The Centers for Medicare and Medicaid Services (CMS) has released its final rules on giving states more power to regulate individual and small group health insurance markets.

The new rules are part of the Trump administration’s effort to dismantle the Affordable Care Act after numerous GOP efforts to repeal the law failed in 2017.

The rules give states more control over which essential health benefits plans must offer, scrap rules that require all rate hikes to be reviewed by regulators, and allow exchanges to grant more waivers for having to purchase health coverage.

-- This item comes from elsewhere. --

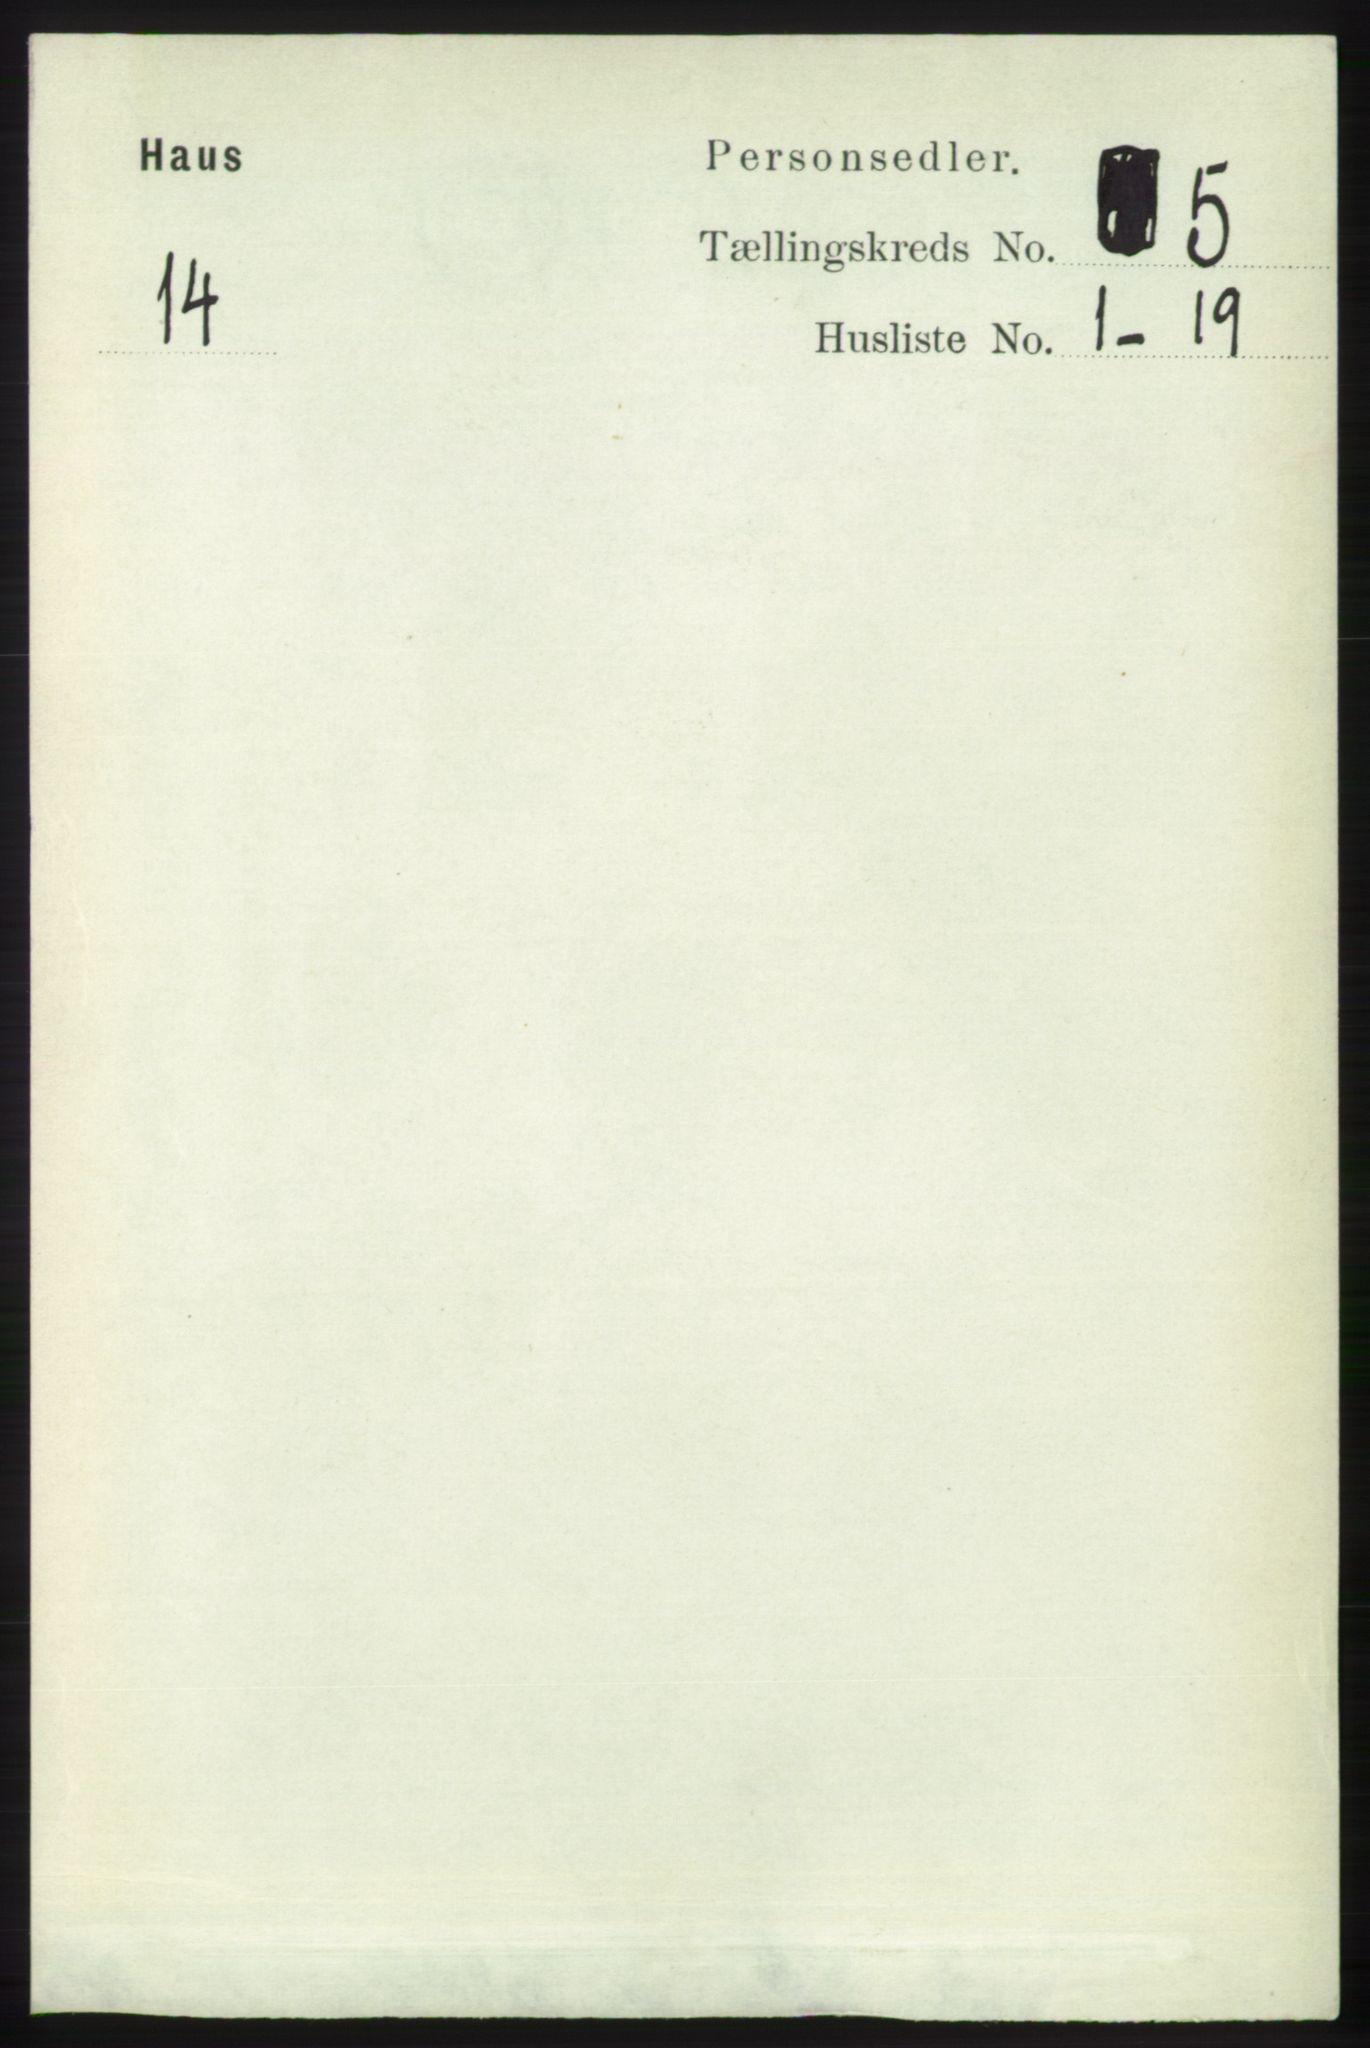 RA, Folketelling 1891 for 1250 Haus herred, 1891, s. 1821

The move will have varying effects depending on the state, but the end result will mean more lax regulation of the ACA for individual and small group plans.

 

Power to the states

The new regulations allow states to determine which essential health benefits individual and small group plans must offer, effective 2020.

Plans will still have to offer the 10 essential health benefits required by ACA, such as maternity care or mental health coverage, but a new rule expands the essential health benefits to 50 options, allowing states to “build their own set of benefits” that could become the benchmark plan.

 

Rate hike reviews scaled back

Currently, insurers that plan to increase rates by more than 10% are required to submit the change for review with regulators. That threshold increases to 15% starting with the 2019 policy year.

 

More ways to avoid individual mandate penalty

If an individual lives in a county with no or one insurer offering coverage on the individual exchanges, they will be allowed to forgo the penalty for not being insured this year.

Another carve-out has been made in circumstances when the only insurance available covers abortions and the procedure is against an individual’s belief. In that case, they don’t have to pay the penalty for not buying insurance.

These provisions are only for 2018, as the individual mandate has been repealed for 2019 onwards.

 

Promoting innovation

The new rules also eliminate standardized options from marketplaces and will instead allow insurers to innovate. Standardized options currently include cost-sharing structures and benefit designs, so it will be easier to shop for coverage.

The new rule will allow insurers to think outside the box when it comes to how the plans are offered to people buying coverage on exchanges.

 

Reducing regulatory burden with looser MLRs

The new regulations also have loosened medical loss ratio (MLR) requirements, which under the ACA means that insurers have to spend 80% of premium on medical care rather than on other overhead.

Under the new rule, the CMS will also allow states to adjust the MLR standard for the individual market, if the state can prove a lower standard could help stabilize the market.